Here is another idea of what I'm thinking of, possibly make it into two pieces that can be screwed together or attached somehow, I'd obviously have no exhaust tips.


----------



## Forty-six and 2 (Jan 21, 2007)

That one is a little too much for my taste. I'm going to be shooting for something more fitting for the style of the TT. Functional and simple is the way to go. :thumbup:

It looks like the weather around here is warming up, so I will be taking care of a couple things this weekend. After that, I will get the templates cut for this thing. I have a good, quick plan for the mold.


----------



## chrisc351 (Feb 17, 2011)

Well if your doing your molds real soon, maybe I'll hold off on mine and see where yours goes, I still gotta get wheels and coils first!


----------



## Marcus_Aurelius (Mar 1, 2012)

I think at this point, it is safe to say that you guys are after look and fit more than functionality.

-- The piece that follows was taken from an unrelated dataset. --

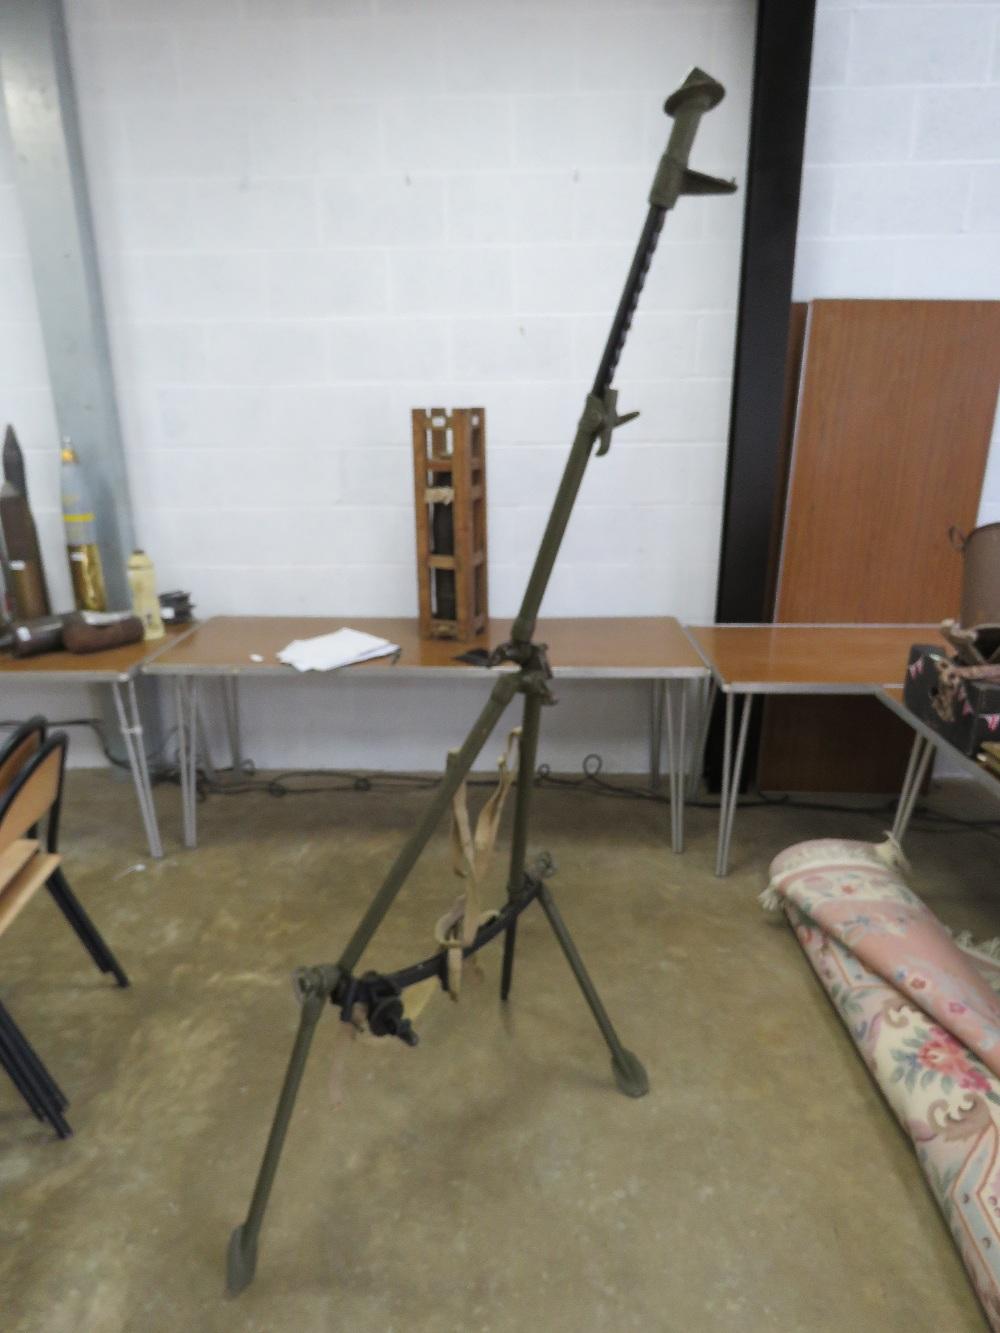 Lot 50 - A WWII British Bren gun having carry str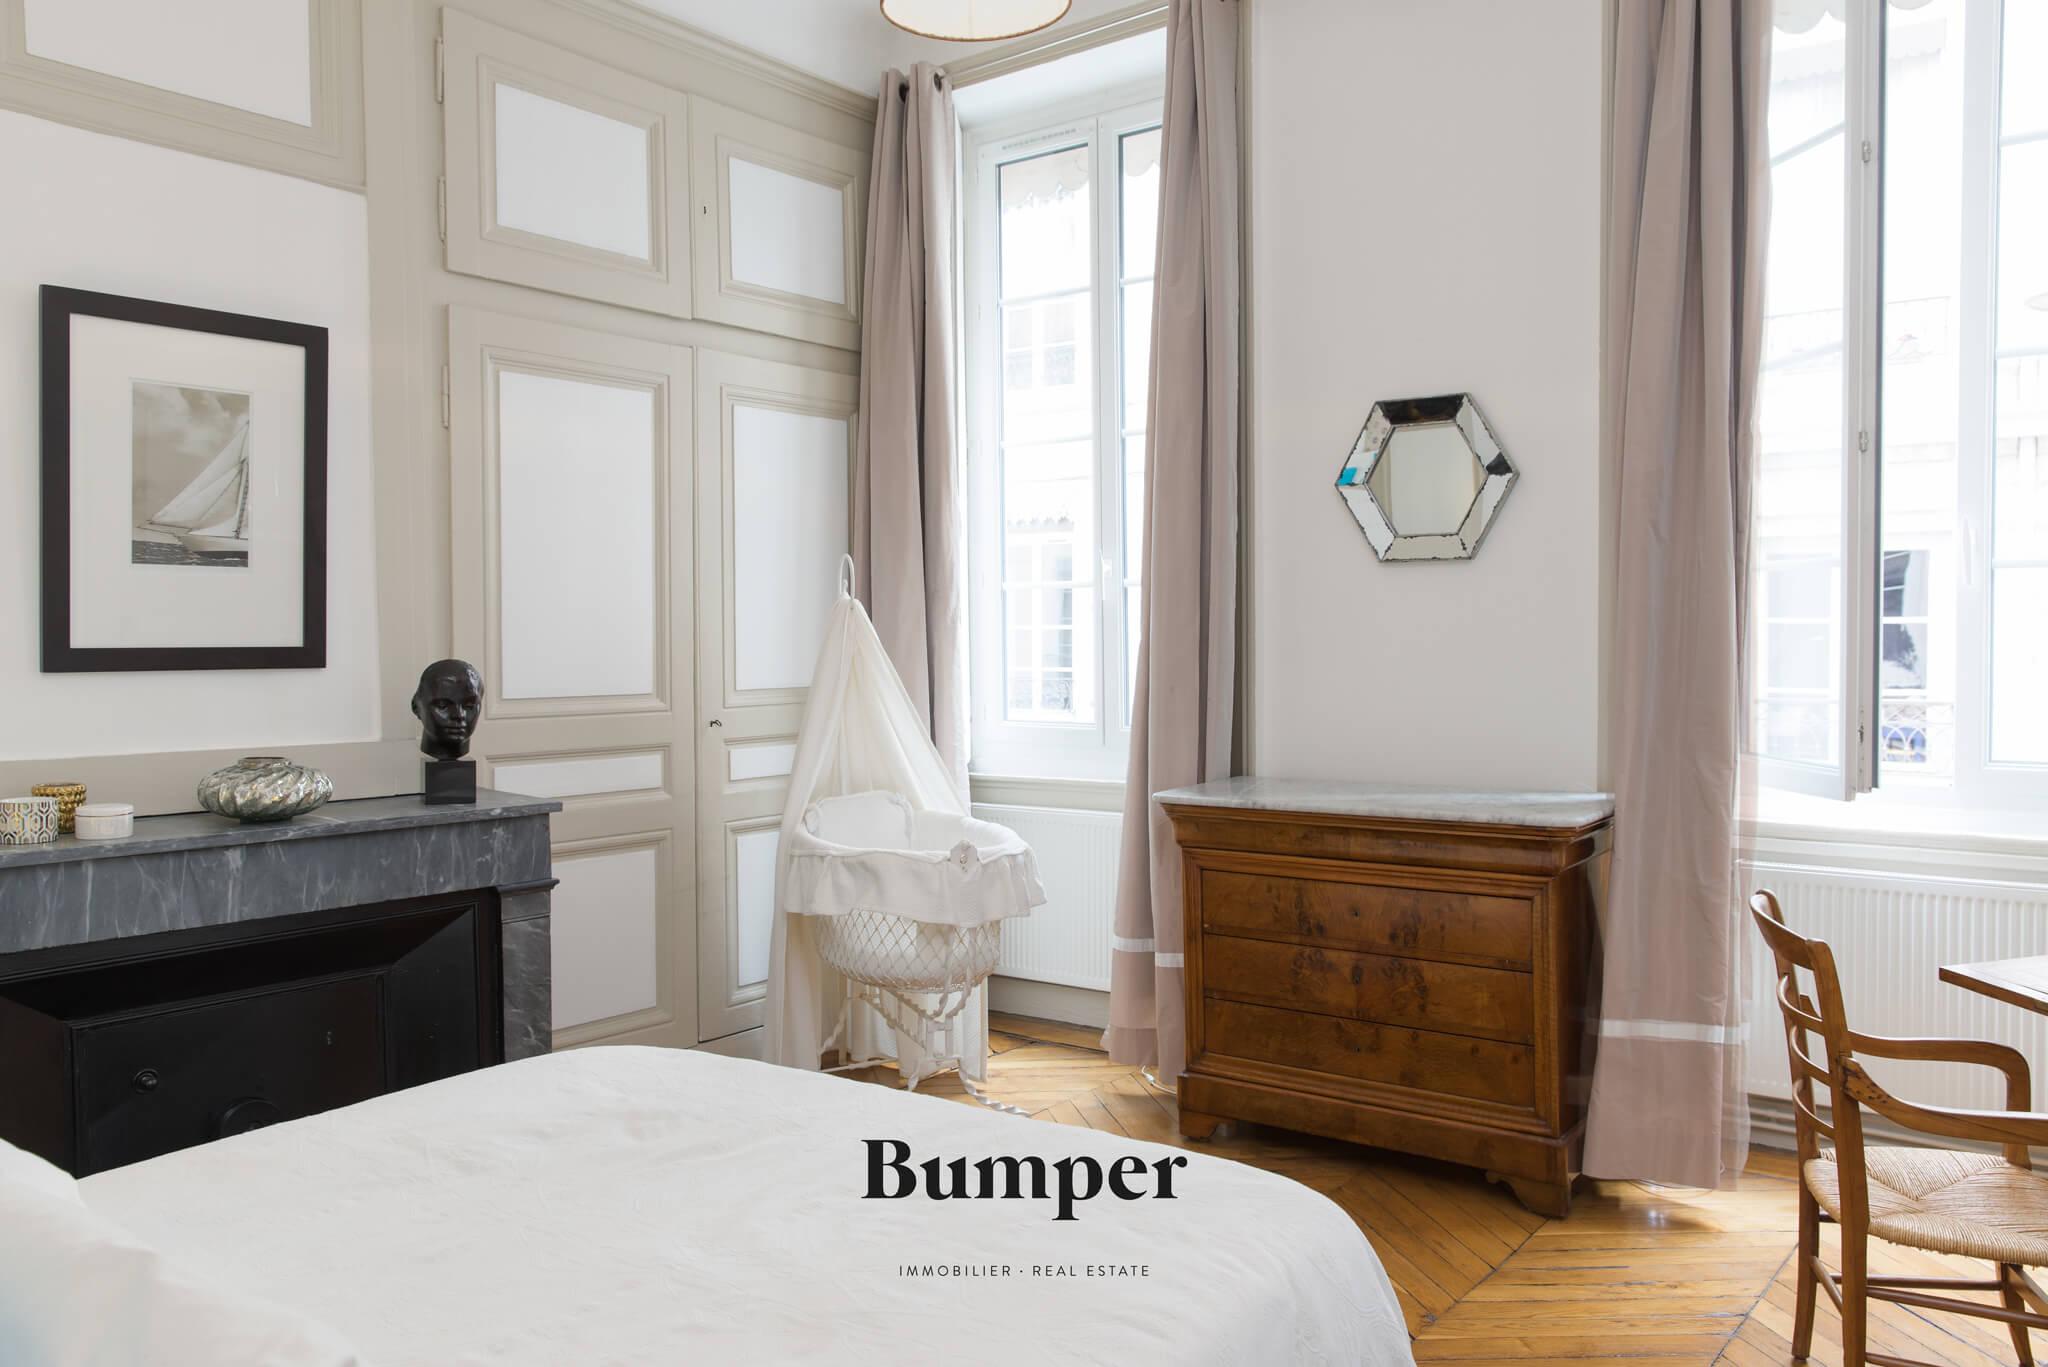 bumper-vendu-appartement-maison-immobilier15.jpg

That's the reason I asked what the purpose was in the beginning of the thread; and judging from the comments and pictures posted, you guys seems to be after a rear valence that looks like a diffuser (although it might not necessarily work like one). A functional diffuser is not going to be subtle or pretty (high angle of attack and very protruding fins are a necessity to get something remotely effective).

Below, is a general idea of what functional splitters end up looking like - and like I said once you make it functional in the rear, something needs to be done in the front or it's understeer city. Overall balance screwed due to added increase in rear grip, and no increased in front aero grip to match the addition to the rear (we all know that fromt mechanical grip isn't the platform's best attribute).


----------



## Krissrock (Sep 10, 2005)

of course. Anything really functional would be destroyed from street driving pretty quickly (speed bump) 
Almost all of the diffusers on the market are hardly functional.


----------



## Forty-six and 2 (Jan 21, 2007)

Marcus_Aurelius said:


> I think at this point, it is safe to say that you guys are after look and fit more than functionality. That's the reason I asked what the purpose was in the beginning of the thread; and judging from the comments and pictures posted, you guys seems to be after a rear valence that looks like a diffuser (although it might not necessarily work like one). A functional diffuser is not going to be subtle or pretty (high angle of attack and very protruding fins are a necessity to get something remotely effective).
> 
> Below, is a general idea of what functional splitters end up looking like


 I have to disagree. Not all diffusers have to be ugly and huge to be functional. The example you posted is a pretty extreme one. I can agree that the wider and "taller" they can be the better they perform. There are plenty of street cars that came with a functional factory diffuser, that is still aesthetically pleasing. 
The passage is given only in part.